Pentecostes: romper o torpor que paralisa
No
vasto campo do sagrado, e em particular nas páginas bíblicas, o Espírito de
Deus manifesta-se normalmente através do silêncio, do sopro ou da brisa suave e
da luz. Por que então Lucas (At 2,1-4), no Livro
dos Atos dos Apóstolos, ao descrever o Pentecostes – a vinda do Espírito
Santo – fala de “grande barulho” (e não silêncio), “forte ventania” (e não sopro
ou brisa suave) e “línguas de fogo” (e não luz)?
A
verdade é que, em outros escritos neotestamentários, lê-se que os discípulos
“estavam com as portas fechadas por medo das autoridades dos judeus” (Jo 20,
19). Nada neutraliza de forma tão eficaz, nada paralisa tanto como o medo! De
resto, é também o medo que obriga outros dois discípulos a fugir de Jerusalém para
Emaús (Lc 24, 13-35). Esclarecedor, neste episódio, é o eloquente contraste
entre a ida e a volta. Na ida, ambos seguem cabisbaixos, tristes, olhos no
chão, fugitivos pela impotência diante dos fatos trágicos que tinham
presenciado junto à capital. O projeto do Reino dos Céus, anunciado pelo
Messias, havia fracassado de forma definitiva. O próprio Jesus de Nazaré fora
condenado à morte, supliciado numa cruz, o pior dos fins para os malfeitores e
desordeiros. Se o Mestre terminara dessa forma, o que não poderia ocorrer com seus
seguidores? Melhor escapar para Emaús.
O
trajeto do retorno é o mesmo, mas bem diversos são os sentimentos e emoções
experimentam os dois discípulos. A experiência toma uma direção completamente
oposta. “Não ardia o nosso coração enquanto ele nos falava pelo caminho e nos
explicava as Escrituras” – comentam entre si (v. 32)! Os passos lentos e
pesados são substituídos pela pressa em contar o que viram. A tristeza cede
lugar à alegria e um novo ardor toma conta de ambos. O medo foi superado e
varrido pelo entusiasmo. Os pés e a alma como que ganham asas para percorrer o
percurso inverso de Emaús a Jerusalém. Tomando emprestado a linguagem do
Documento de Aparecida, é fácil concluir que o encontro na casa e à mesa com o
Ressuscitado converte “dois discípulos medrosos em dois missionários
ardorosos”.
A
esta altura, convém voltar às expressões de Lucas para designar a forma do
Espírito Santo: “grande barulho, forte ventania, línguas de fogo”. Uma vez
mais, por quê? Porque tornava-se necessário sacudir e combater o medo, o isolamento
e o torpor daquele pequeno grupo de discípulos. A crise inesperada da cruz
pesava improvisamente sobre todos e sobre cada um. Tinham sido avisados, é bem
verdade, mas não haviam compreendido. Neutralizados pelo temor das autoridades,
fecharam-se sobre si mesmos. Encontravam-se de joelhos, vencidos, frágeis,
paralisados. Como sacudi-los e acordá-los dessa letargia, levantando-lhes a
cabeça e fazendo-os retomar a vida diária? Melhor ainda, como fazê-los vencer a
apatia efêmera, no sentido de que fazia-se necessário dar continuidade à obra
do Mestre? O barulho, o vento e o fogo adquirem aqui uma simbologia forte e
marcante, que convida a abrir as portas, chama às ruas e envia ao caminho da
prática evangelizadora.
O
grande desafio está em converter aquele pequeno núcleo de discípulos no embrião
da Igreja incipiente. Não custa repetir que os símbolos do barulho, do vento e
do fogo caracterizam uma maneira de despertar o potencial oculto daquele grupo
de amigos íntimos, os quais haviam sido escolhidos pelo próprio Jesus.

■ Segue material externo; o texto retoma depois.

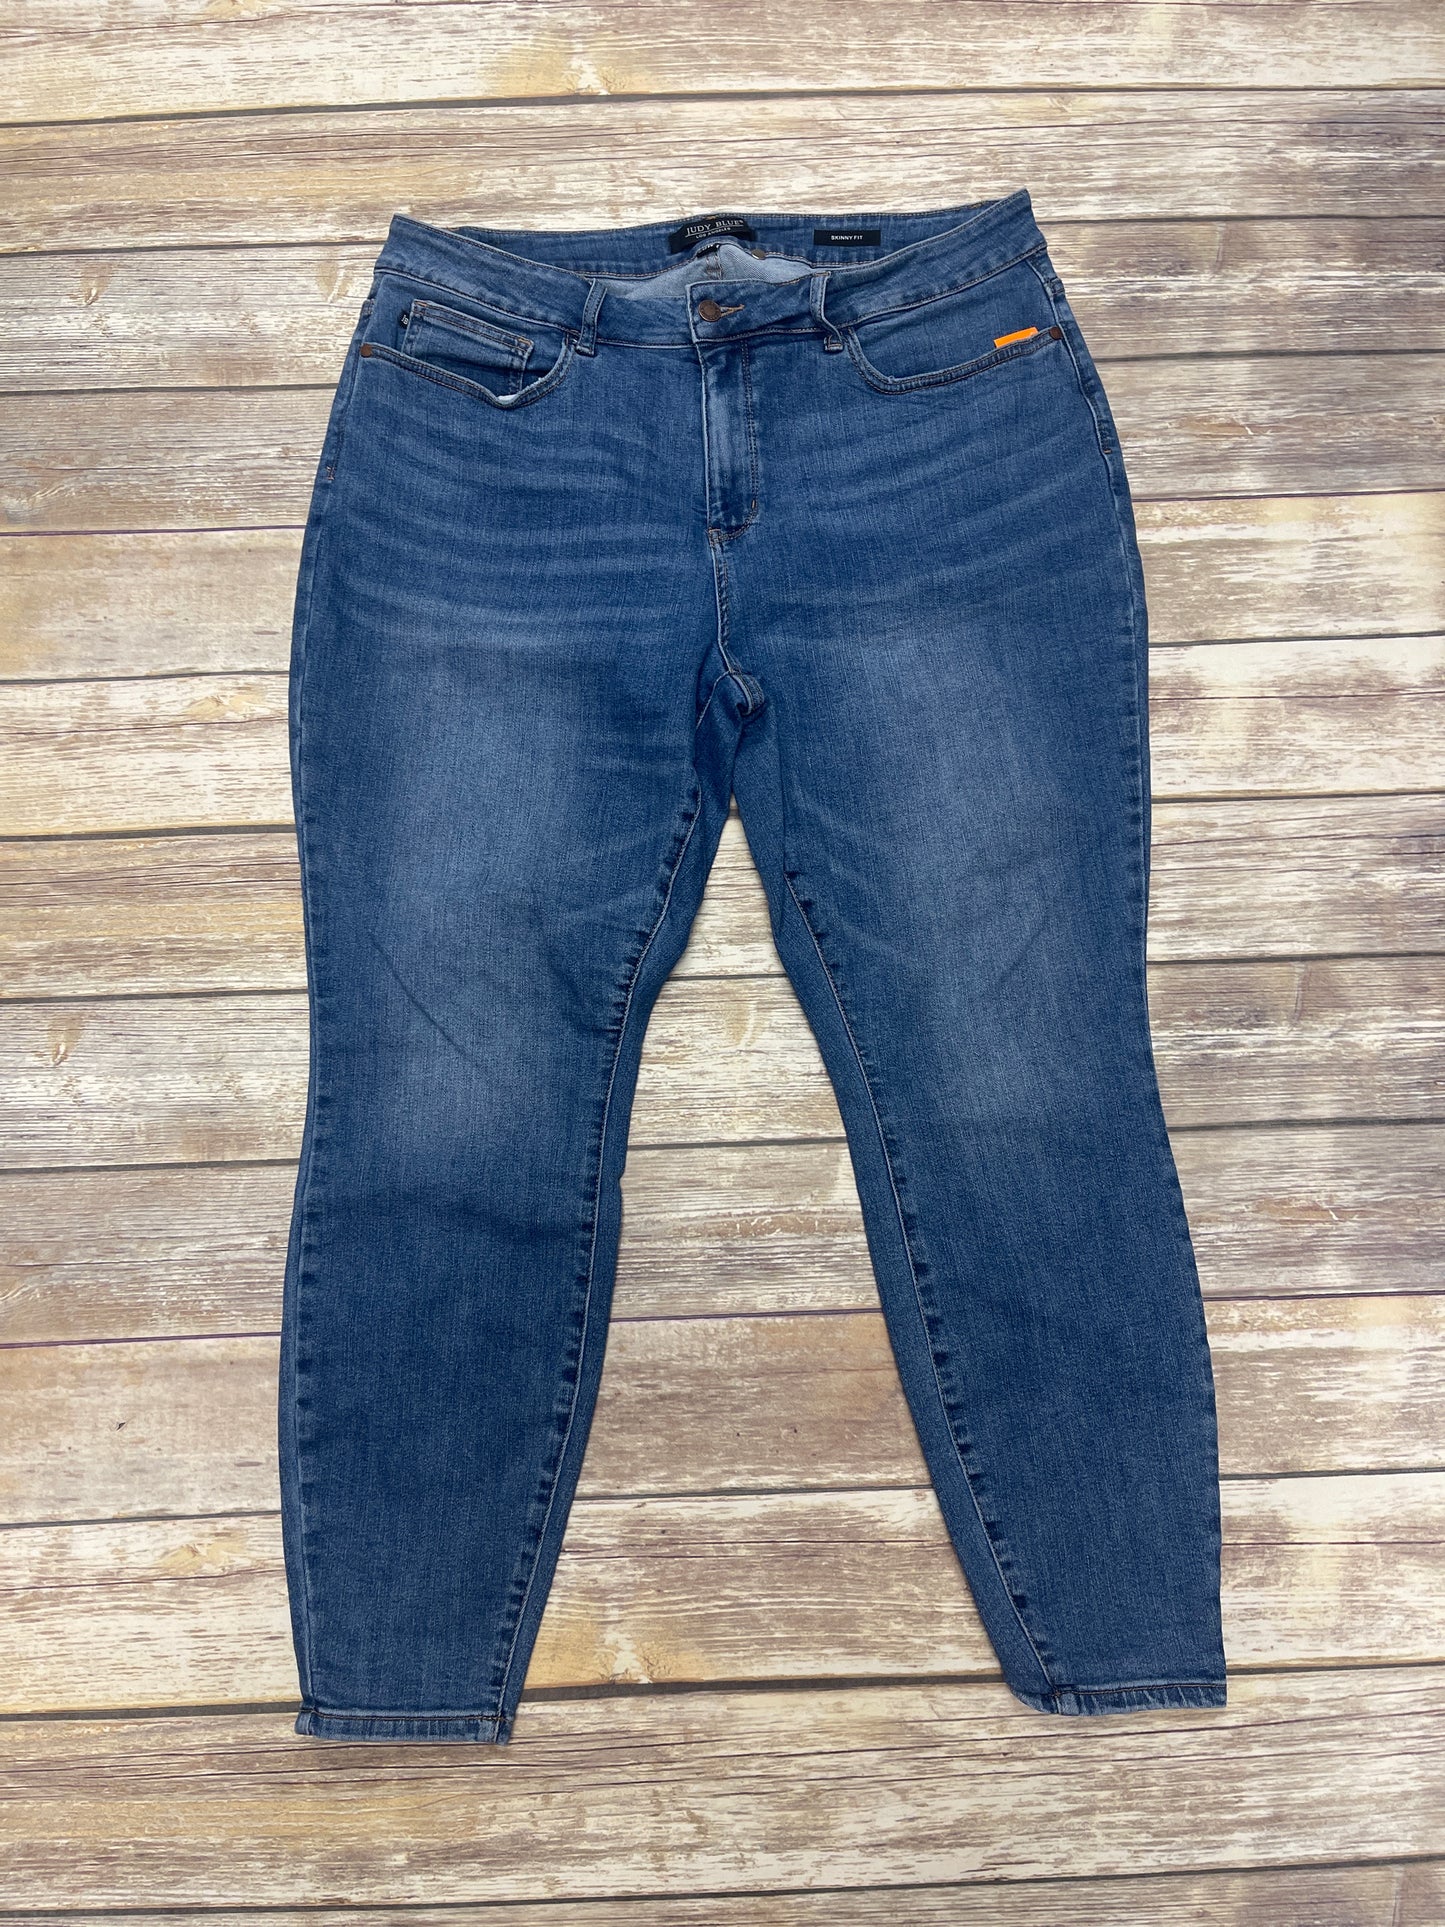 Jeans Skinny By Judy Blue  Size: 20W

Despertar
e pô-los em marcha, retomando os caminhos e os horizontes que o Mestre havia
descortinado. Movê-los era mover a energia oculta da Igreja nascente. Transfigurar
a graça de Deus em força viva e ativa na construção do Reino. Também aqui, a
tarefa do Espírito é convertê-los de “discípulos medrosos em missionários
ardorosos”, apóstolos das primeiras comunidades cristãs. E estas, então,
começam a se multiplicar. A partir do Oriente Médio, expandem-se para a Ásia, a
África e a Europa. Nesse processo de expansão, acompanha-as a última frase do
Evangelho de Mateus: “Eis que eu estarei com vocês todos os dias, até o fim do
mundo” (Mt 28,20). Palavras de conforto em tempos de pandemia!